The fight for conservative principles in our urban regional base is beginning to become more crucial as we prepare to head into a new year.
Black conservatives within this region have worked politically in recent decades to advance two sets of goods: the family and the market. Brothers and sisters have advocated traditional values that sustain cultural vitality, and economic freedom that brings material prosperity. These two sets of ideals are mutually reinforcing to an extent. The market relies on a stable and orderly society made possible by sturdy families and strong social institutions; and freedom from unduly coercive authority is an essential prerequisite for making moral choices.
There are three key reasons I will stress why building an urban regional power should be the focus of a urban conservative domestic policy agenda, and the lens through which Black conservatives understand their challenge in the coming years.

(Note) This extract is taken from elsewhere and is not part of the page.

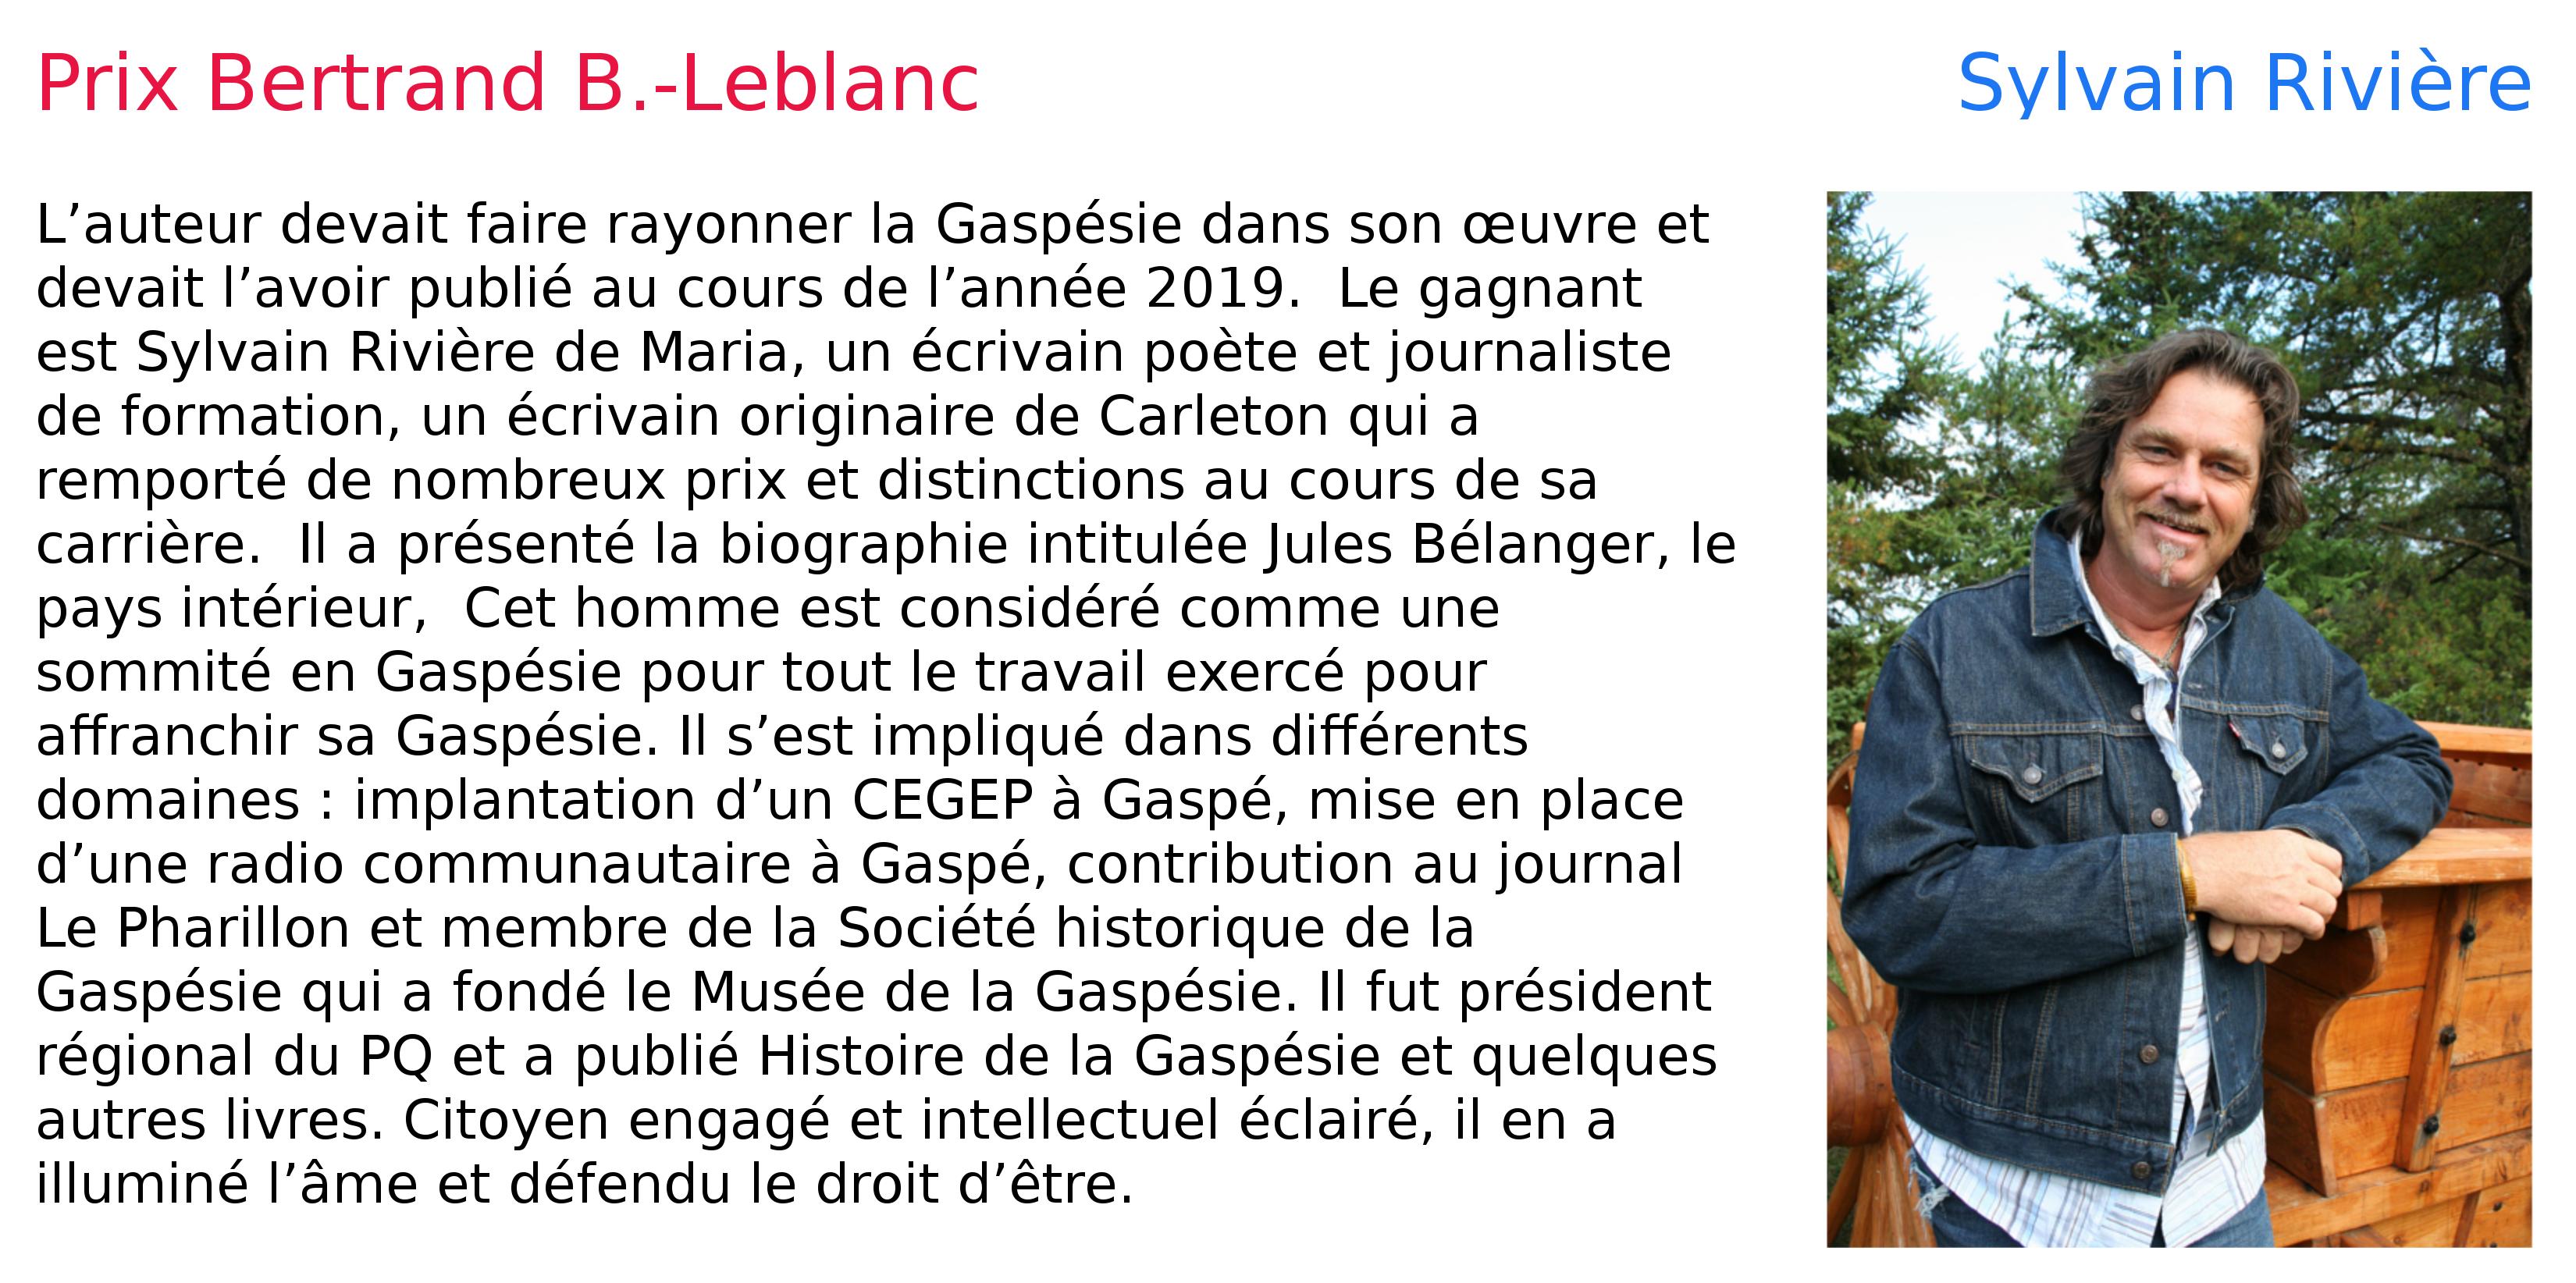 prix Bertrand B.-Leblanc

First, in terms of simple politics, it is what a key and growing group of voters want addressed. If liberals have misdiagnosed the anxieties of the parenting class, conservatives have not recognized them at all. Compassionate conservatism, for all its virtues, does not even try to address itself to parents. A urban conservative agenda that did so would not only cement a relationship with these voters, it would also appeal to many with similar worries who do not share the strong cultural predilections that have drawn middle- and lower-middle-class parents to vote for Republicans.
Second, Black conservatives should think about the anxiety of these parents because the tension such anxiety reflects is precisely the tension at the heart of the conservative movement. Addressing it would therefore also help to address a problem for conservatism. Among the most edifying consequences of the often uneasy partnership between social and fiscal conservatives has been the way in which the two sides have educated each other. A surprising number of conservatives who are not spiritual and not especially concerned about social issues have become persuaded in recent times to oppose abortion, for instance, because their interaction with social conservatives has caused them to consider the question more seriously. A surprising number of social conservatives within Metro Detroit have expressed strong concerns about government spending in recent years, because their interaction with fiscal conservatives has taught them why they should worry about it.
But each group still tends not to see the way in which the other not only makes some valid points, but is also defending something vital to them both. Better understanding the pressure of health care costs as a barrier to the growth of larger families would help Black conservatives understand why they should seek health care solutions. Better understanding how anxiety about caring for one's children and one's elderly parents keeps people from taking the risks that allow a dynamic economy to flourish would help fiscal conservatives see the value of public policy that offers support to child-bearing and family caregiving.
Third, Black conservatives should concentrate on the anxieties of the parenting class because if they are not addressed in ways that take heed of both the significance of traditional values and the importance of free-market, small-government principles, they will eventually be addressed in ways that undercut both. In a democracy, the greatest threat to freedom is not that the government will take it away but that the people will give it away, in return for a promise of security. The parenting class's demands for security are not unreasonable, and the challenge for a conservative governing movement is to use public policy to help families obtain some of that security in ways that sustain freedom and strengthen traditional values.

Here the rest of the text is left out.